• **Recorded data**:
%%

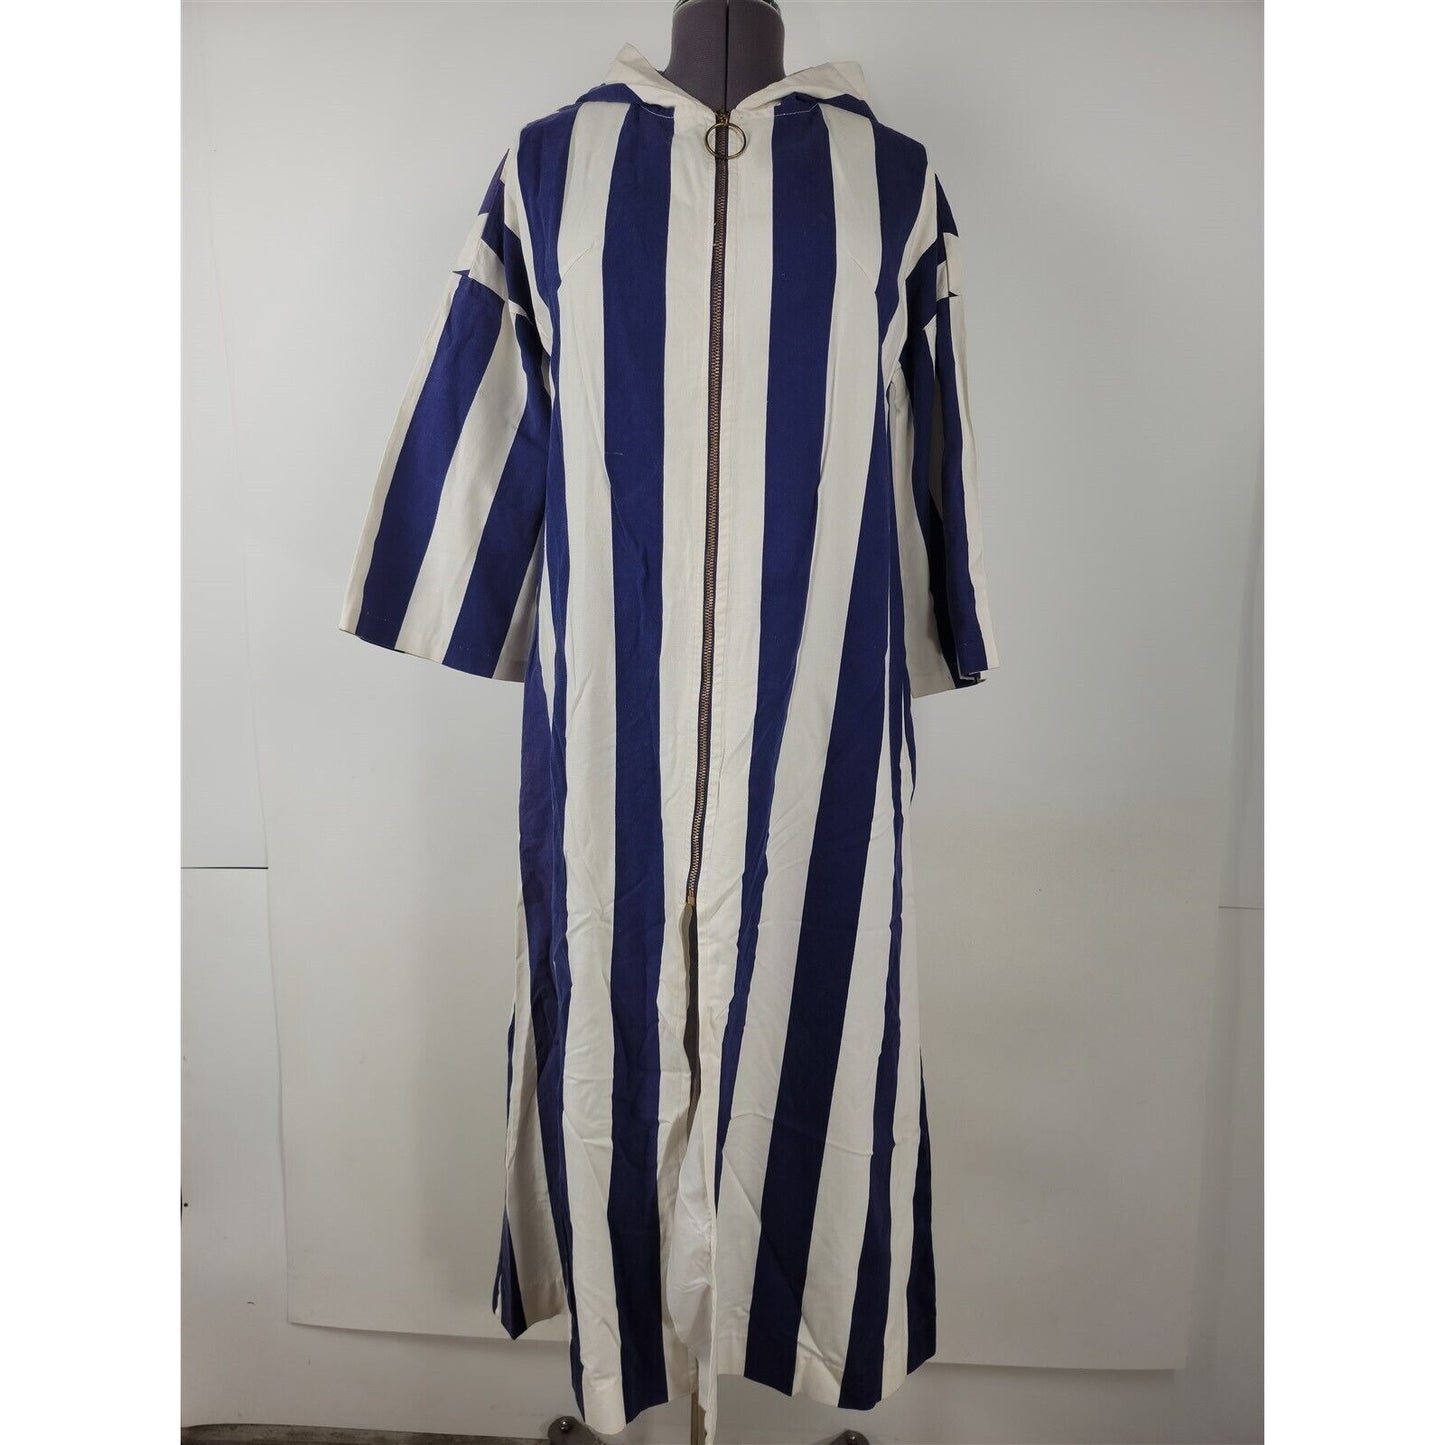 Vintage 70's Beach Pool Robe Striped Cover-Up Fun Fashions by Cole of California
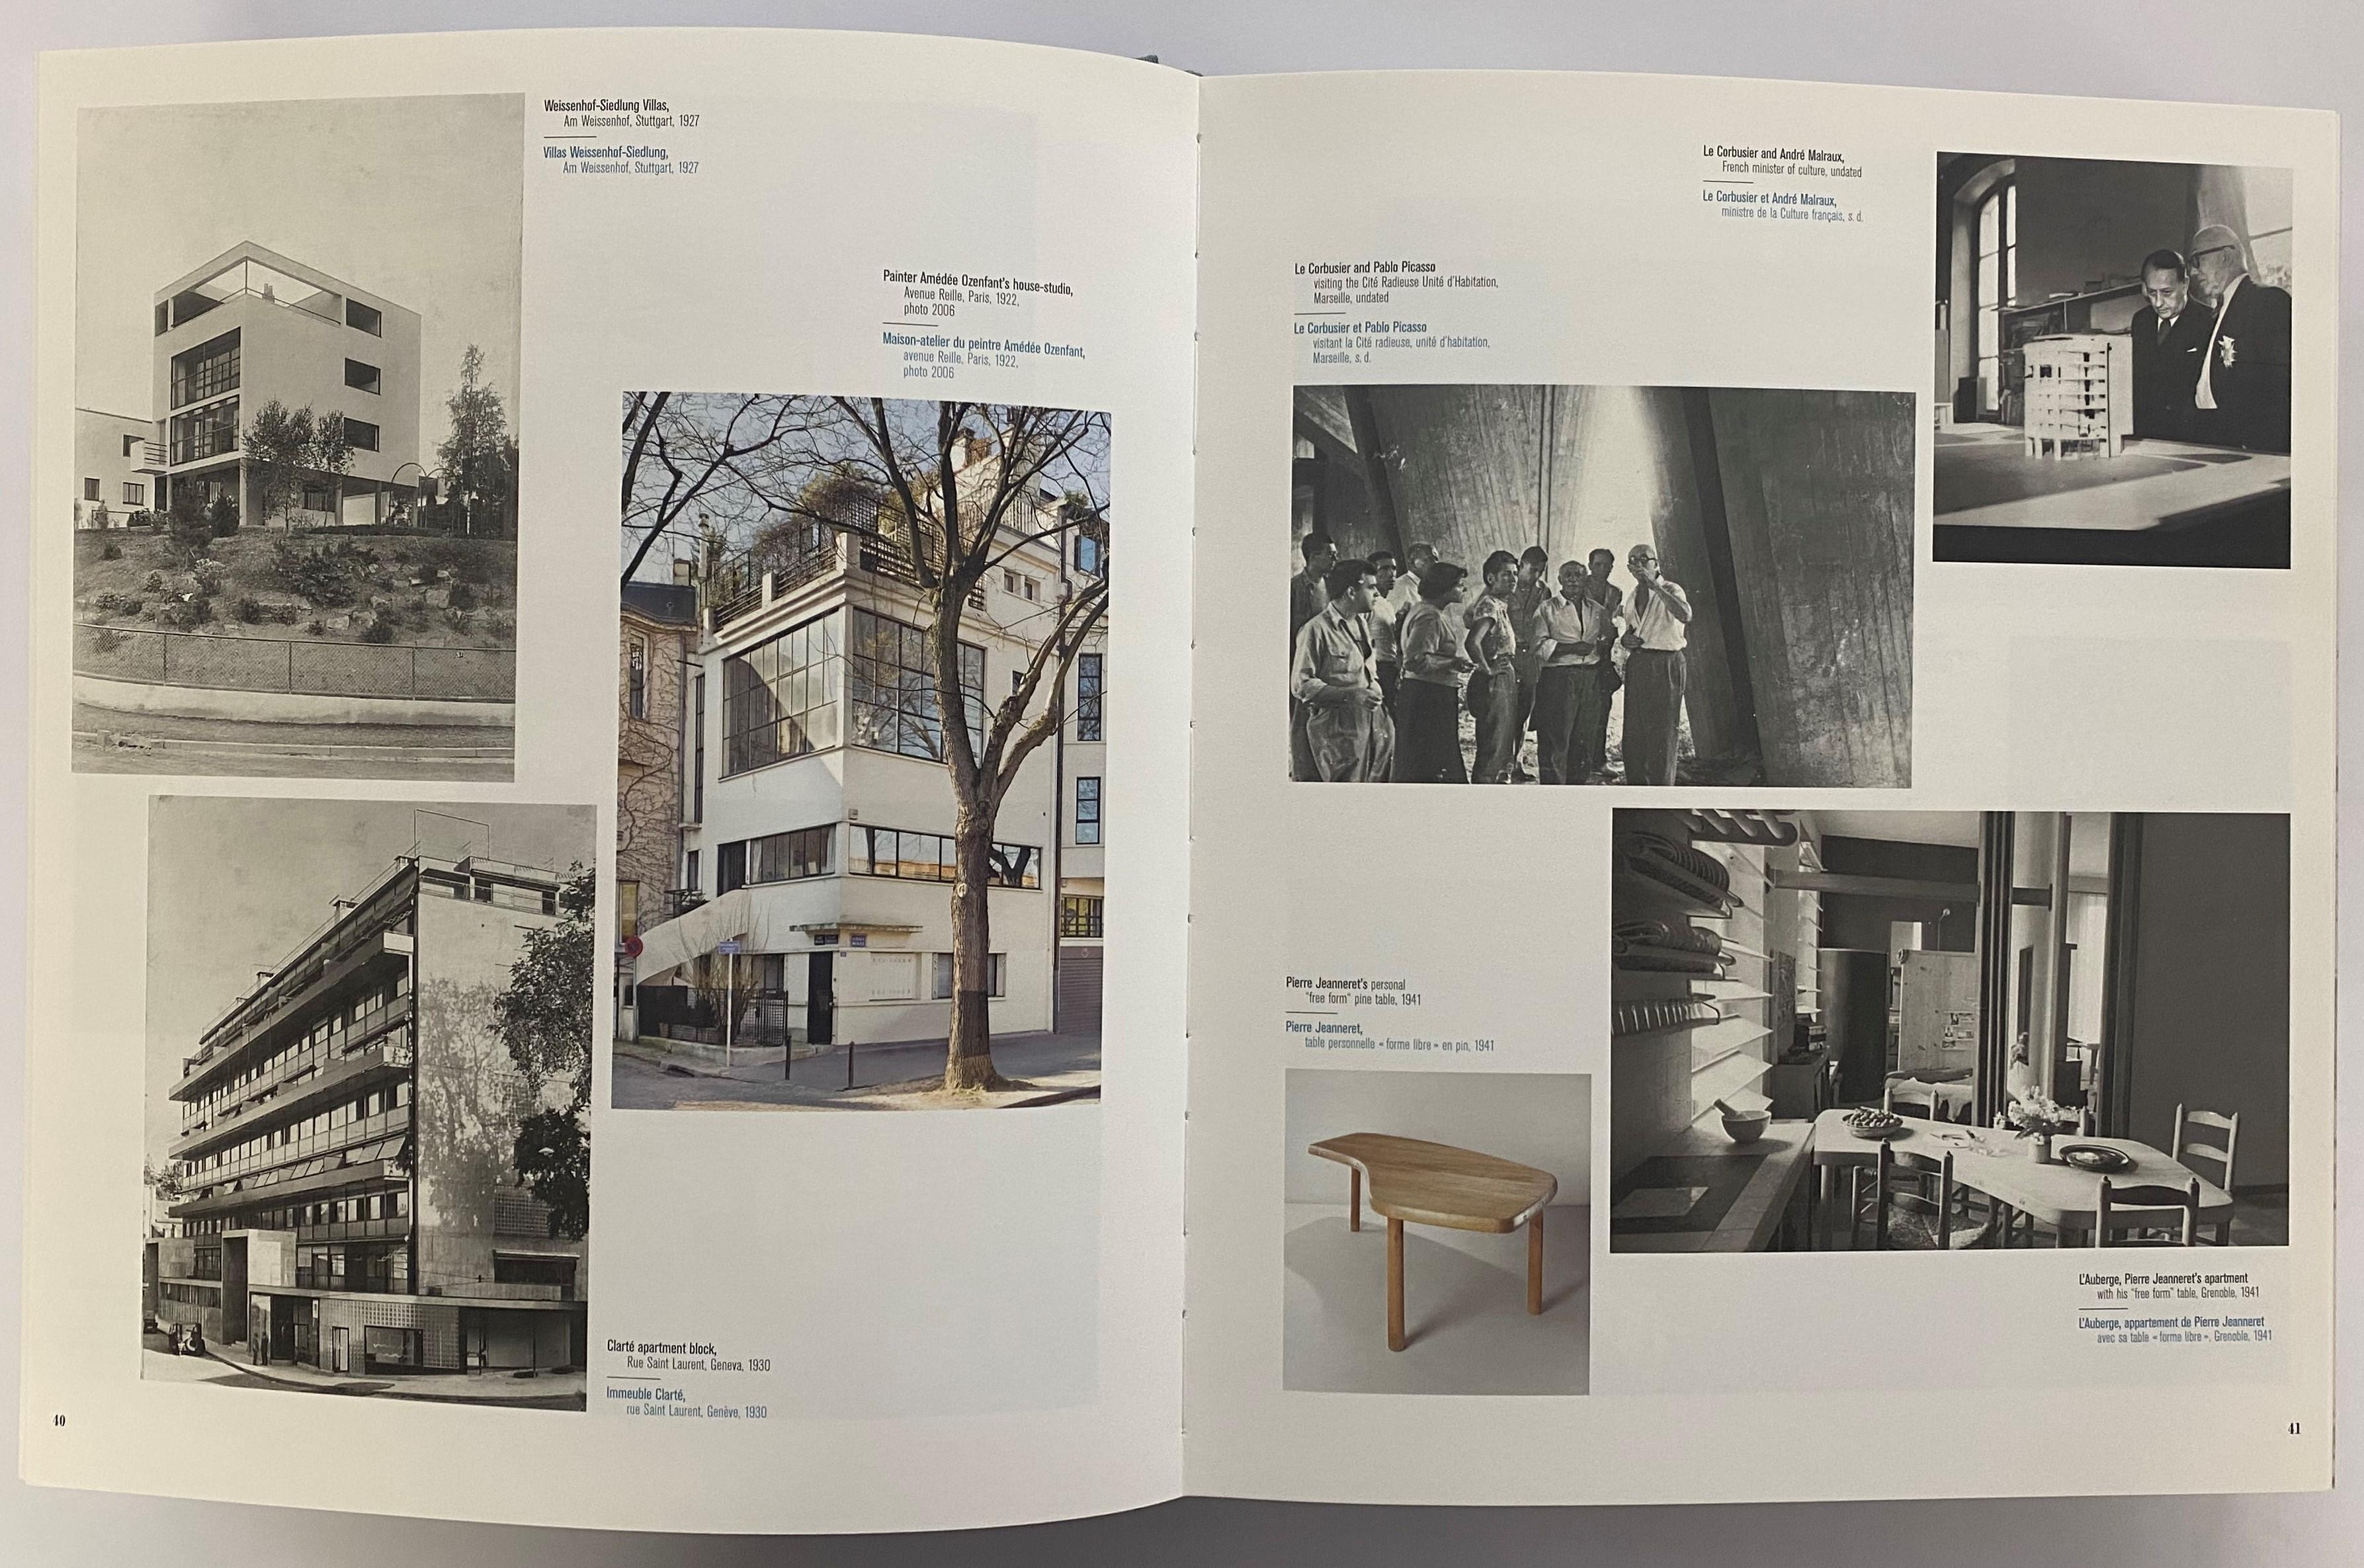 by Patrick Seguin
This beautiful, comprehensive volume documents Le Corbusier and Pierre Jeanneret's massive Chandigarh project--the buildings and the furniture (today considered masterpieces of twentieth-century architecture and design), the plans,

%%

• **To do**: An exact repetition of the listing is needed, with the pictures dropped.

• **Result**:
 Vintage 70's Beach Pool Robe Striped Cover-Up Fun Fashions by Cole of California
 by Patrick Seguin
This beautiful, comprehensive volume documents Le Corbusier and Pierre Jeanneret's massive Chandigarh project--the buildings and the furniture (today considered masterpieces of twentieth-century architecture and design), the plans,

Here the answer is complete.